DE587080C - Device for evaluating nomograms with? Ú½3 changeable - Google Patents

Description

Device for evaluating nomograms with 7a-I- 3 variables The subject of the main patent is a graphic universal target board that allows when determining the elevation angle of the pipe, the associated side correction, the angle of fall, the focal length and flight time any influences on the projectile trajectory automatically switch off or off at any altitude and distance of the target. to be taken into account, in such a way that by ruler edges and ruler marks replaced solution lines of a basic nomogram with three variable quantities as a function so automatically shifted from the setting of rulers in influence nomograms that the shooting element you are looking for when setting two sizes for the target position with regard to the gun post are decisive, can be read off. The present Invention now relates to a further embodiment of the main patent under Protection provided device and has the purpose of operating in such a way to simplify that a special setting in the basic nomogram after operation the influence nomograms is spared.

According to the invention this is essentially achieved by a clutch that can be engaged and disengaged for the reading aids, which are used when operating the Influence nomograms a shift in the person responsible for the variable sought Reading aids conveyed, so that the value of the same for any given values of all n -; - z independent variables can be read in the basic nomogram.

The drawings show some exemplary embodiments of the Concept of the invention, namely Fig. X is a plan view of a device for Evaluation of a basic polar nomogram of three variables and one Number of polar influence nomograms with a common starting point of the polar coordinate systems existing nomograms with n + 3 variables, in which the value of the sought Variable is given by the length of the guide beam.

Fig. 2 is a section through Fig. Z in the direction of the line C-D, and Fig. 3 is a section through Fig. X in the direction of line A-B.

FIG. Q is a top plan view of a modified embodiment of FIG Device which is used to evaluate nomograms in which the value of the sought variable is given by the polar angle. Fig. 5 is a section through fig. in the direction of the line E-F.

Fig. 6 shows a plan view of a further embodiment of the Device in connection with a nomogram table, which contains an influence nomogram 7a + 3 variable @ contains.

FIGS. 7 to 12 illustrate the implementation of two simple calculation examples.

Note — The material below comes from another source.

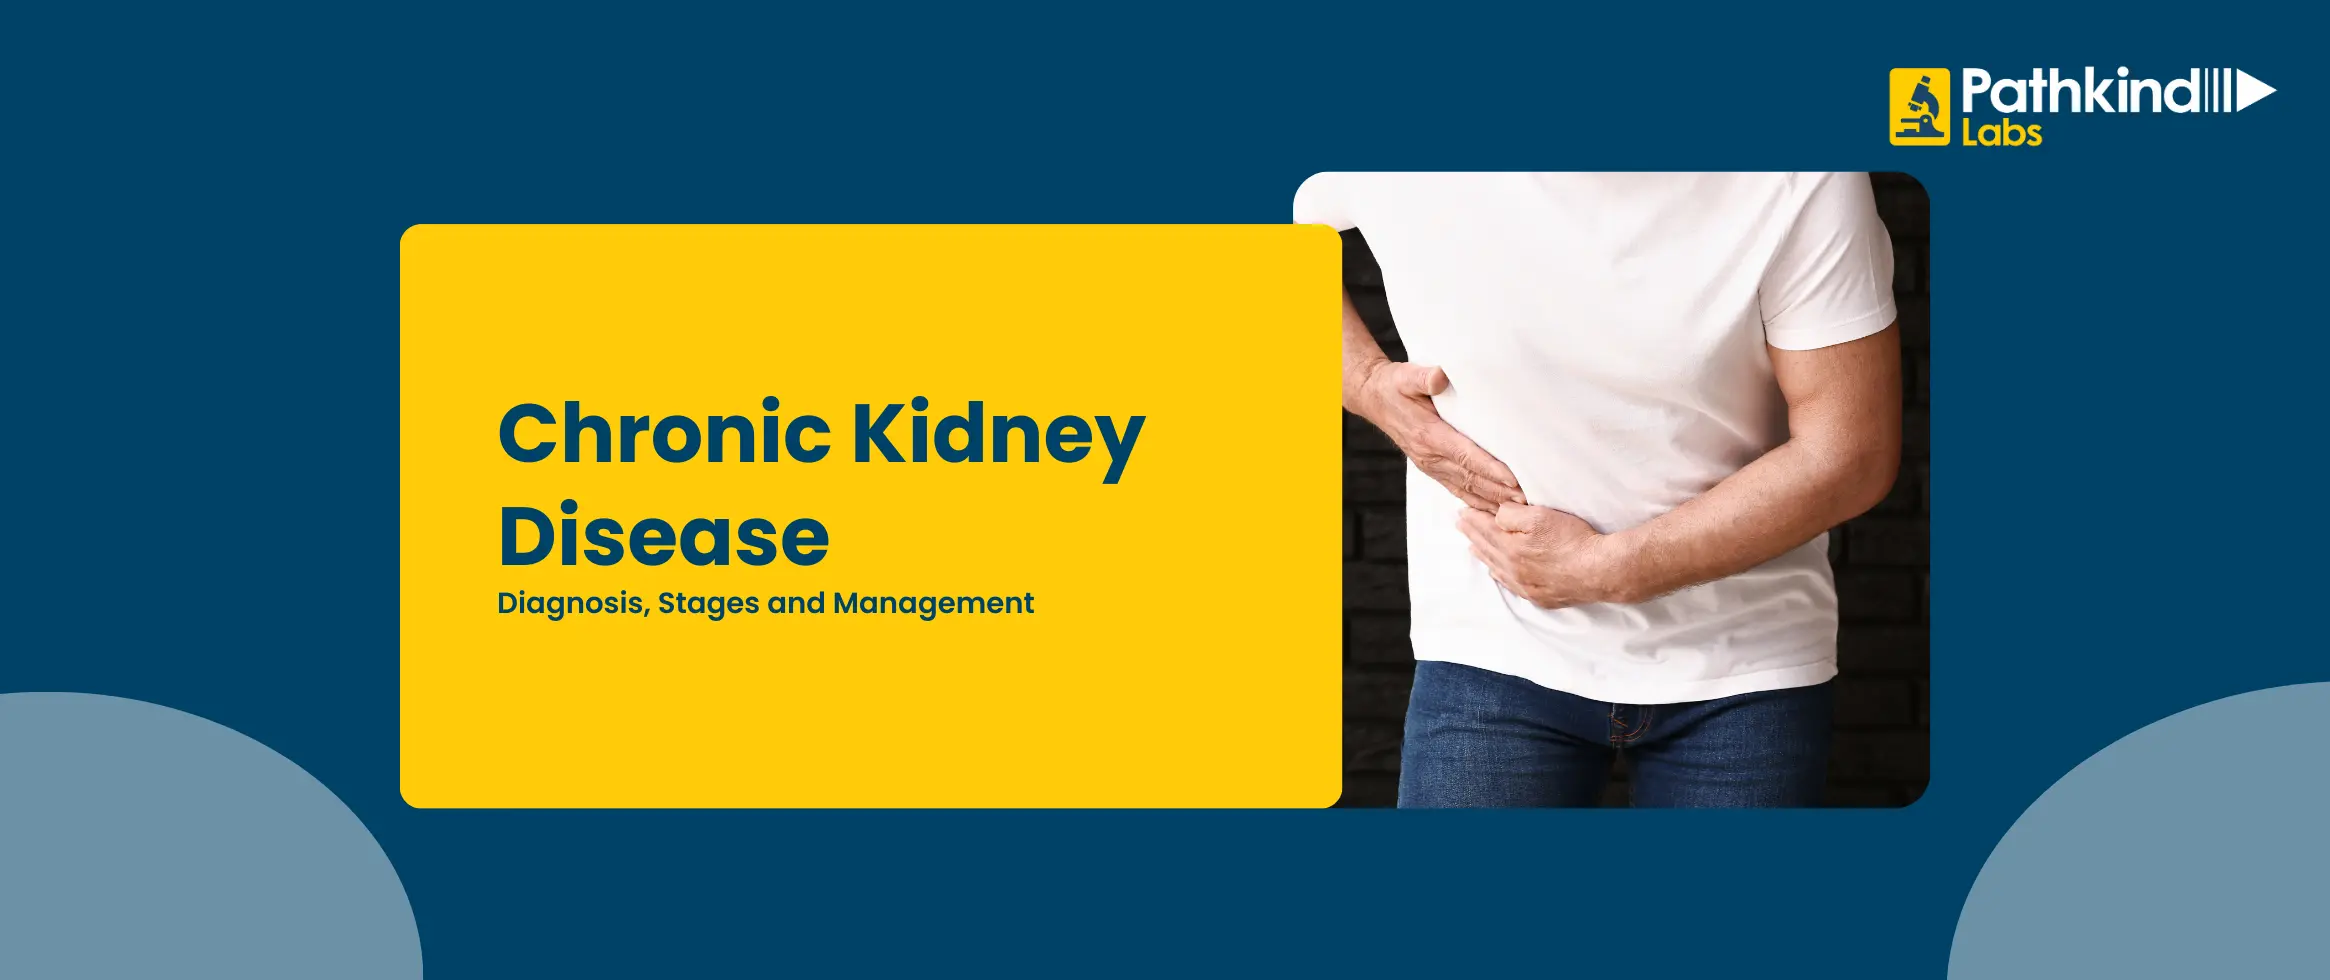 symptoms of chronic kidney disease

In the function F (x1 x2 x3 cal cal a3 ... a "), which can be represented by a polar Grundnomogramm N, which corresponds, as stated in the main patent, the variation of a1 in zl at a given x2 and x3, a corresponding Change from x1 to x, 'and with given x2 and x1 a corresponding change from x3 to x3'.

If one now wants the basic nomogram also after the variation of a1 in Use z1 to convert r. for a given x2 and x3 the assigned value xi or 2. To read off the assigned value x3 for a given x2 and x1, in the first case a rotatable ruler with the edge at x3, and the ruler scale must be in be shifted along the ruler axis so that instead of the tick mark x1 the tick mark x; comes to rest on the relevant curve x2; in the second case the person concerned must Graduation x1 of a rotatable ruler in turn to the relevant curve x2 on the board and the edge of a pointer must point to the assigned value x3 of the Show angle scale.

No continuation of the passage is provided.